6

450 22 1
                                    

Pov Milo

Ik trek mijn capuchon weer over en vervolg mijn weg richting huis. Ik voel de ogen van de blonde jongen in mijn rug branden. Zijn woorden deden me oprecht pijn, maar dat kan ik hem niet laten merken. Op het moment dat ik zag dat die jongens een jochie aan het afmatten waren was ik al onderweg om er wat van te zeggen. Ze zagen er niet veel ouder uit, een jaartje waarschijnlijk, of ze reden illegaal op die scooters. Daarnaast ben ik vrij groot en heb ik wel wat ervaring met klappen uitdelen. Maar toen ik de stem hoorde van de jongen die ze vast hadden heb ik het op een rennen gezet. Het was de stem van Matthyas. Nee, niet hem. Van alle mensen die ze in elkaar zouden slaan, mag het niet hem zijn. Hypocriet natuurlijk. Alsof ik hem niet elke dag het leven zuur maak, daar heeft hij meer dan gelijk in. Maar ik kan niet anders. Ik doe het met een reden. Zij deden het voor de leuk. En dat pik ik niet. Voor ik het wist lag mijn vuist al op de kaak van de jongens die de fiets van de blonde vast had, en niet veel later tegen het hoofd van de jongen die hem zelf vast had. Heerlijk hoe bang ze dan ineens zijn.

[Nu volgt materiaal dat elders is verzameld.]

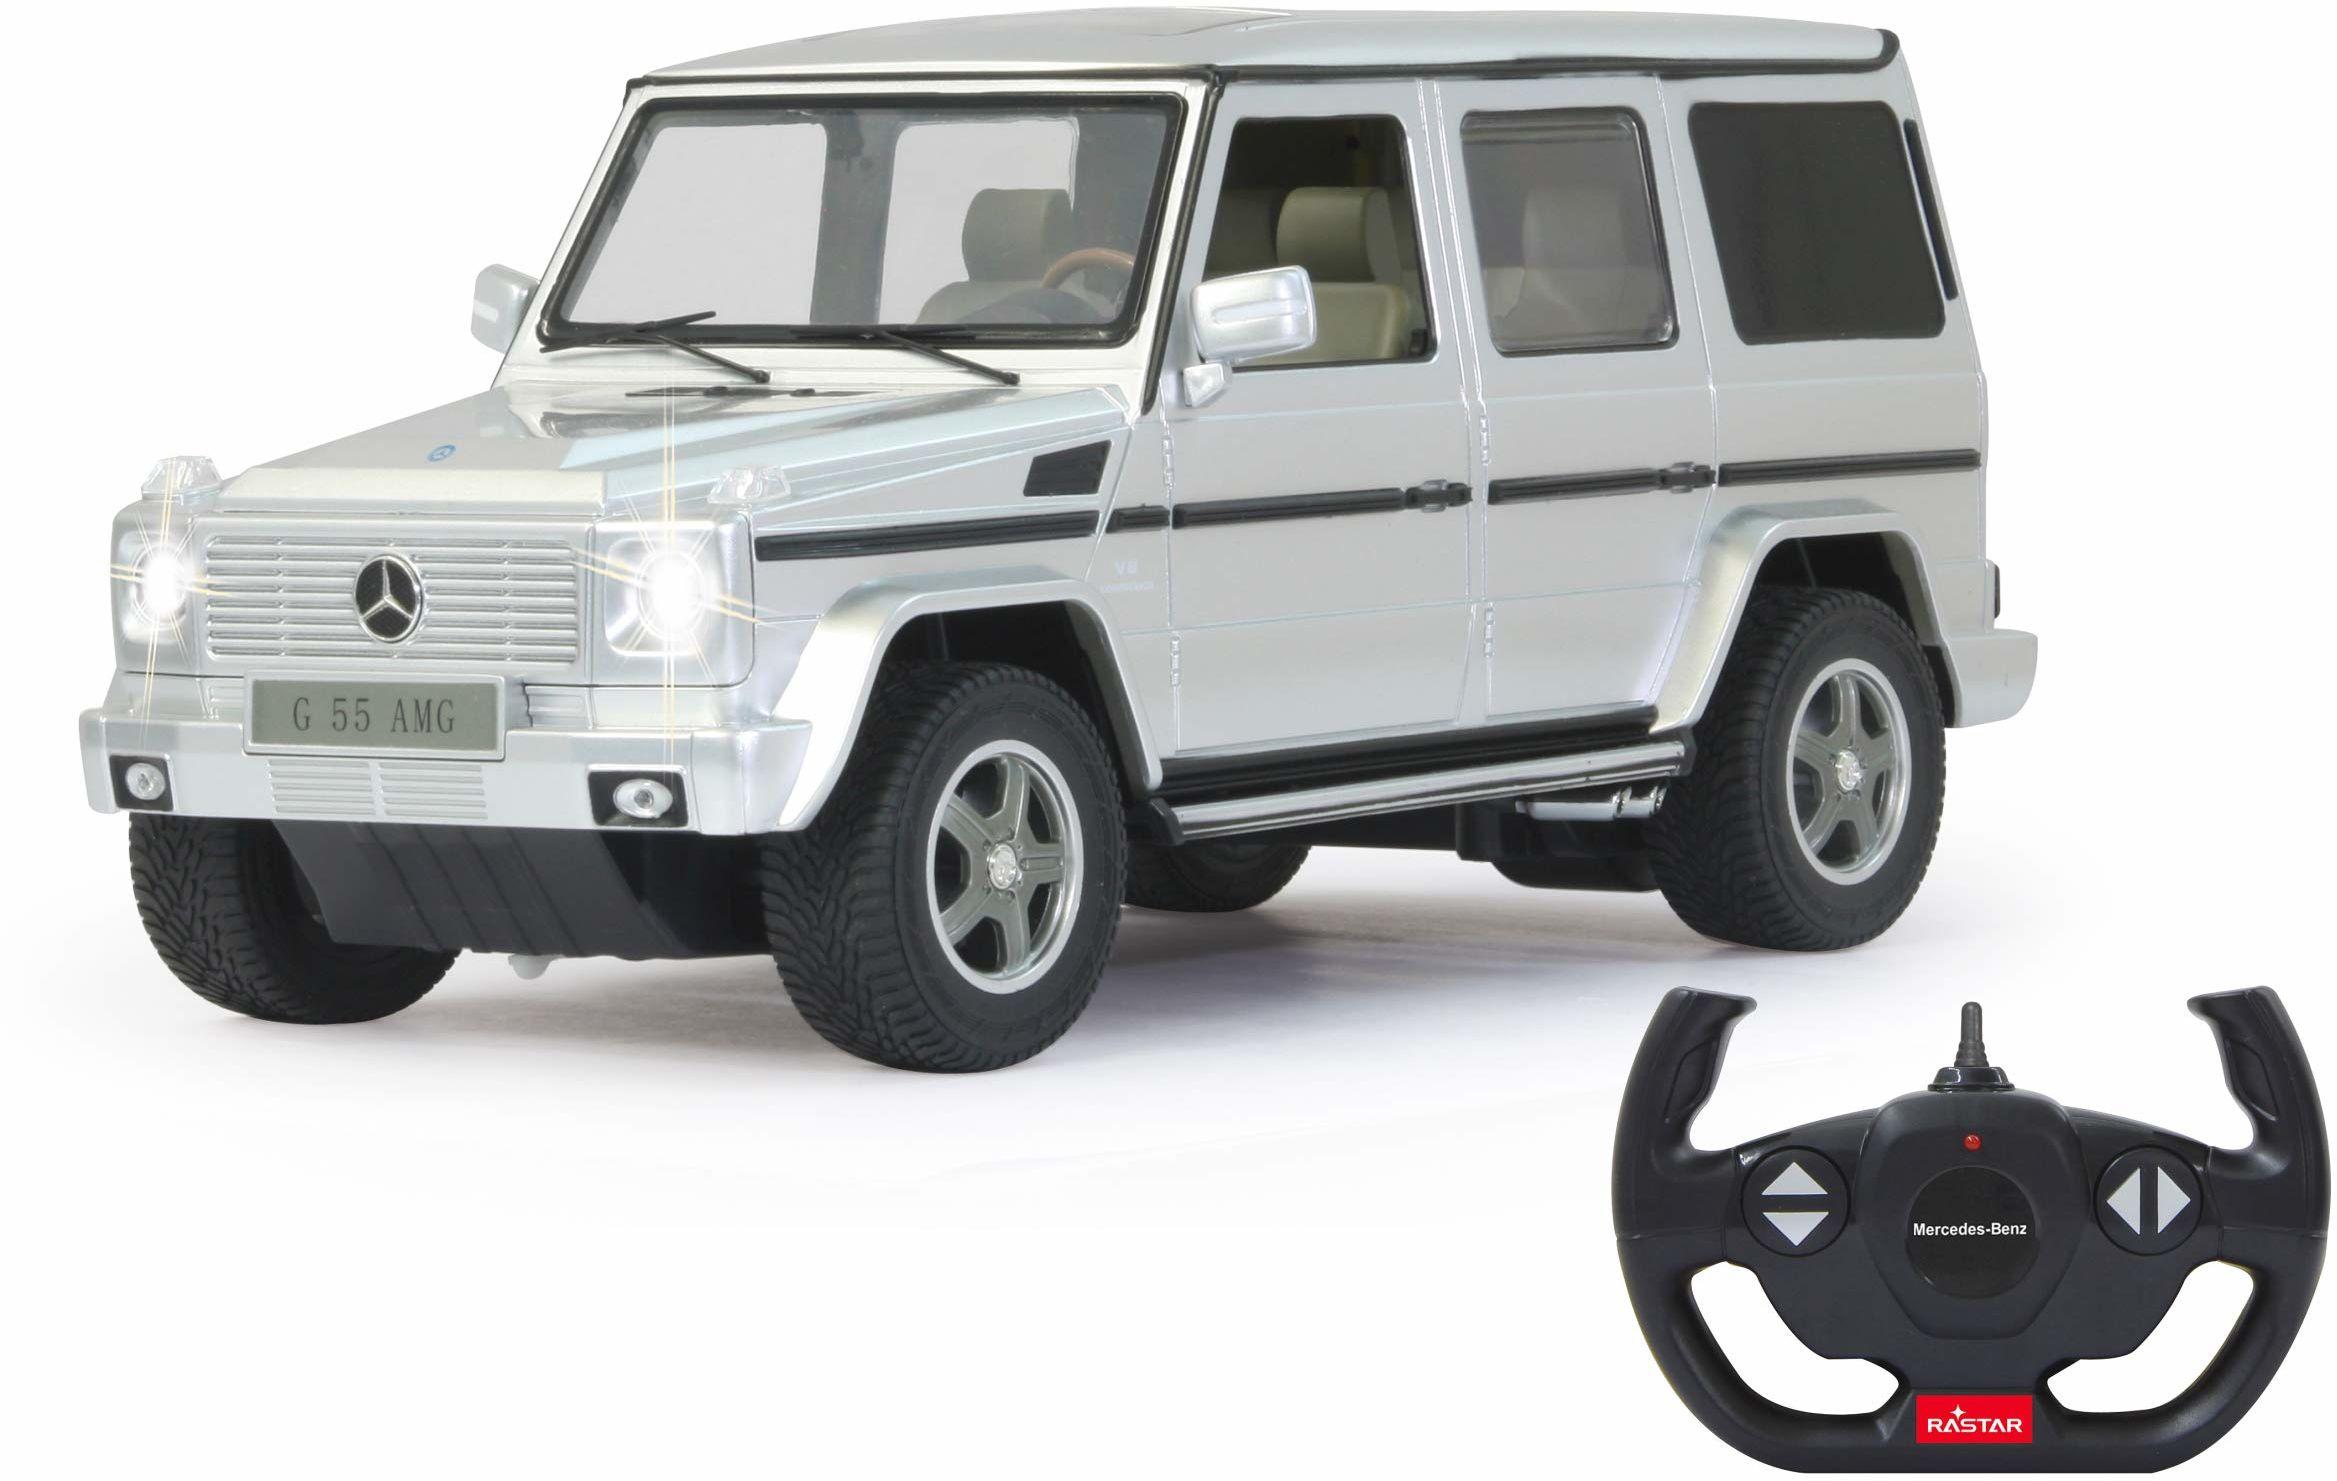 Jamara 403911 Mercedes-Benz G55 AMG 1:14 40 MHz, oficjalnie licencjonowana, do 1 godz. czasu jazdy przy 11 km/h, LED, idealnie odwzorowane szczegóły, szczegółowe wnętrze, wysokiej jakości wykonanie

Ik herhaal zijn woorden die daarna volgden nog eens in mijn hoofd. En hij heeft meer dan genoeg reden voor die woorden. Toch voelde het slecht. Ik weet ook niet wat ik anders had moeten verwachten. Een knuffel, een volwaardige dankspeech? Natuurlijk niet. En zelfs een normaal gesprek was al teveel gevraagd en dan begrijp ik. Misschien is het beter, maar stiekem had ik hoop.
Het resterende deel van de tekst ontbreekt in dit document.